The college reopened after the war and a chapel was built in 1950 to remember those who died during the Japanese occupation.

Originally a private school, St Stephen's College became a government-funded public school during the late 1900s. Since the 2008–2009 academic year, the college has become a Direct Subsidy Scheme (DSS) School, which is a historic change to the college as it freed the school from the centralised funding system that currently administers secondary education in Hong Kong. Students enrolled in the 2002 Primary 1 class at St Stephen's College Preparatory School, also based in Stanley, were the first group of students to enter the DSS system. In order to upgrade the school administrative level, this is the first secondary school in Hong Kong to employ a registered professional housing manager on its staff to manage and handle all property and facilities-related issues for and on behalf of the school.

School principal
1903 - 1914 : The Ven E. J. Barnett
1914 - 1915 : The Revd. A. D. Stewart
1915 - 1928 : The Revd. W. H. Hewitt
1928 - 1953 : Canon E. W. L. Martin
1956 - 1958 : Mr. C. T. Priestley
1958 - 1965 : Mr. J. R. F. Melluish
1965 - 1973 : The Revd. R. B. Handforth
1973 - 1974 : Ven. W. N. Cheung (Acting)
1974 - 1999 : Mr. Luke J. P. Yip (葉敬平先生)
1999 - 2004 : Mr. D. R. Too (朱業桐先生)
2005 - 2011 : Dr. Louise Y. S. Law (羅懿舒博士)
2011 - Now : Ms. Carol C. Yang (楊清女士)

Houses
St Stephen's College has divided its students into six houses with six different colours. Some names of the houses came from the names of the first few principals of the college:

Barnett House (Orange) - The Ven. E. J. Barnett;
Stewart House (Purple) - The Revd. A. D. Stewart;
Hewitt House (Red) - The Revd. W. H. Hewitt;
Martin House (Blue/White) - Canon E. W. L. Martin;
Priestley House (Green) - Mr. C. T. Priestley;
College House (Yellow)

Curriculum
Before the 2009–2010 academic year, as a local school in Hong Kong, the college had been providing three years of junior secondary, two years of senior secondary and two years of matriculation education under the English 3223 education system.
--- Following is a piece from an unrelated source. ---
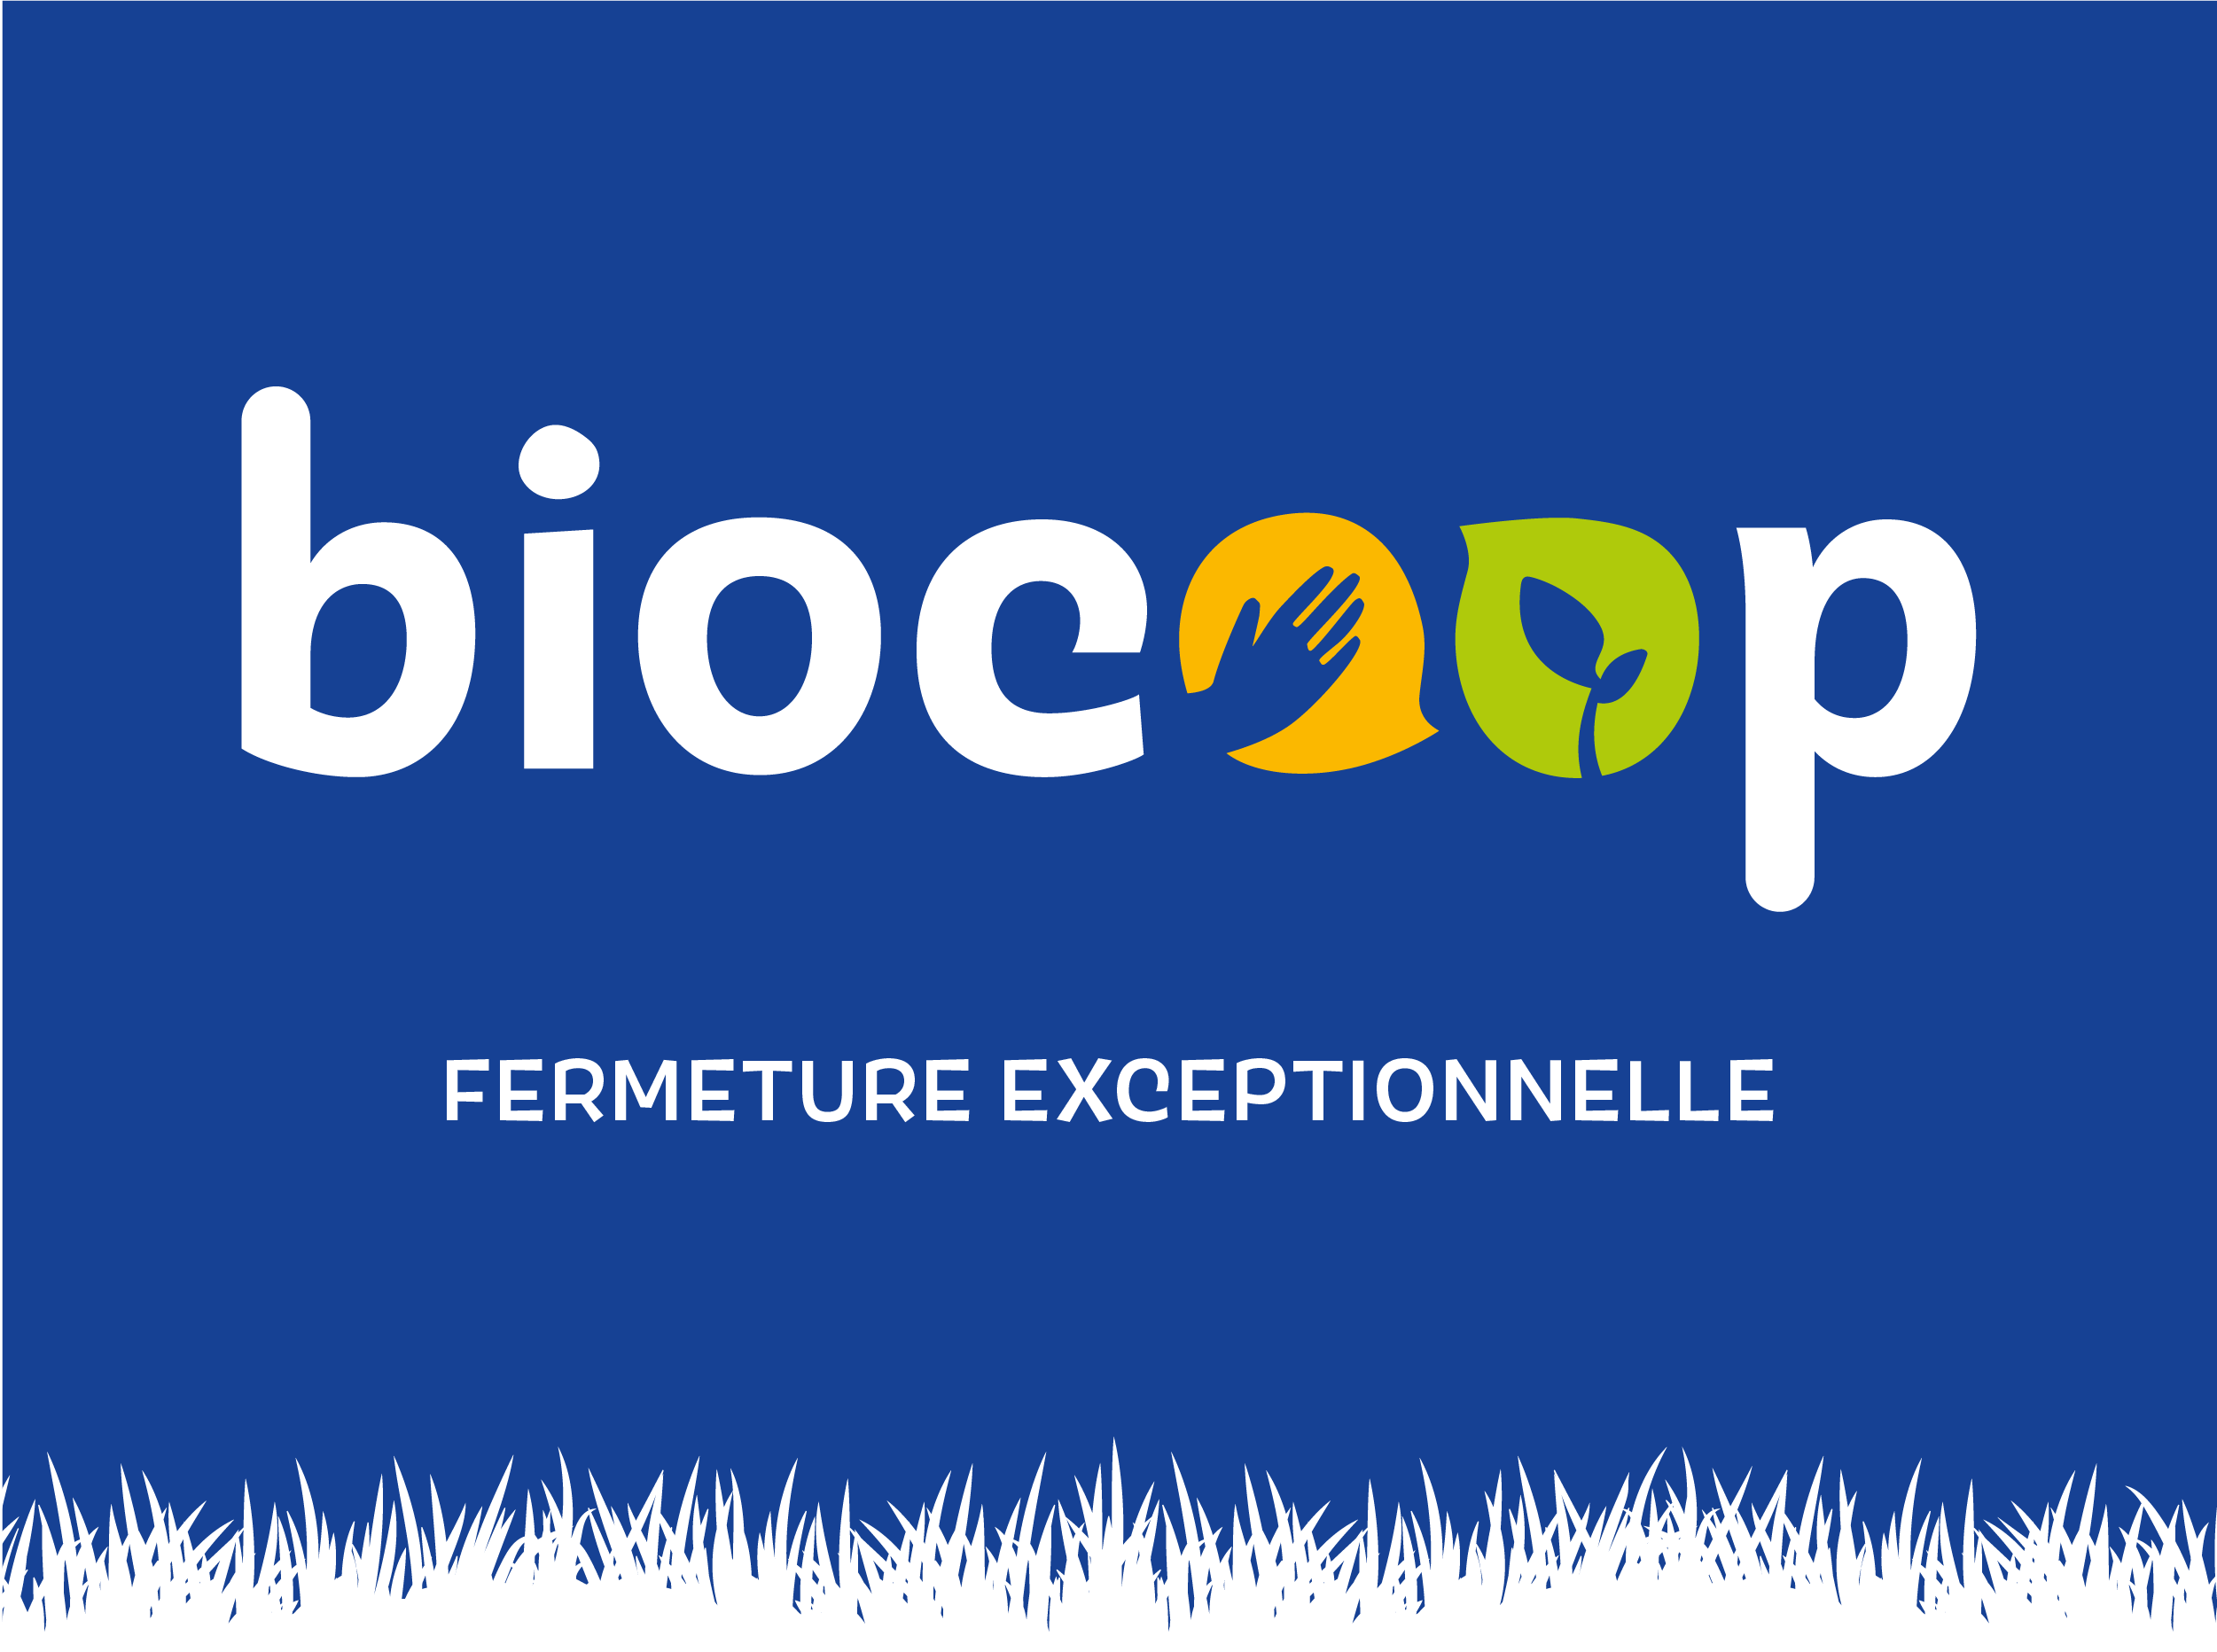 ➡️ Votre magasin Biocoop Fréquence Bio sera exceptionnellement fermé les 1er et 8 mai ⬅️

After the educational system reform was launched by the government, the college has started providing three years of senior secondary education from Form 4 since the 2009–2010 academic year under the New Senior Secondary 334 Scheme.
Meanwhile, the International Baccalaureate Diploma Programme (IBDP) had also commenced in the academic year of 2014–2015. The IBDP is a two-year curriculum and is monitored under the International Baccalaureate Organization rather than the Education Bureau of Hong Kong. Since IBDP is two years long, the college will provide a one-year IBDP bridging course to help student adapt to the essay and discussion emphasized IBDP education mode.

Publications
Many different publications are made by the college, including:
 Official School Magazine
 Chimes (鐘聲) (Biennially or triennially published since 1909) (Published in years ending in 2, 4, 7 and 9)
 Student Magazine
 E (biannually published since 2016) 
 Parent-Teacher Association
 Newsletter (會訊) (Triannually published since 1996)
 Students' Association (SA)
 Choi Choi/Choi Tsz (采茞) (Halted)
 Stephen's News (提聞) (Quarterly published by SA 2010-2011 (Alpha) in 2010 to 2011)
 Paper Two Pieces (紙兩張) (Quarterly published by SA 2011-2012 (SOAR) in 2011 to 2012)
 Echo (回聲) (Semi-annually published by SA 2012-2013 (ECHO) in 2012 to 2013)
 Chinese Society
 思藻 (Quarterly published since 2010)
 English Society
 St Stephen's College Times (Semi-annually published since 2008)
 Mathematics Society
 Mathematics Challengers Paper (2010 to 2011)
 Music Society
 MUSO Monthly (2012)

Preparatory school
St. Stephen's College Preparatory School () is the preparatory primary school of St Stephen's College. St. Stephen's College Preparatory School was founded in 1938 with only one building for classrooms, boarding house and dining hall. During the Second World War, the preparatory school was used for guard quarter by the Japanese. The preparatory school re-opened in 1947, with a new building. Another building of dormitory was built in the 1950s. The preparatory school has started to give boarding places for girls in the 1960s. The preparatory school has 21 classes of more than 600 students.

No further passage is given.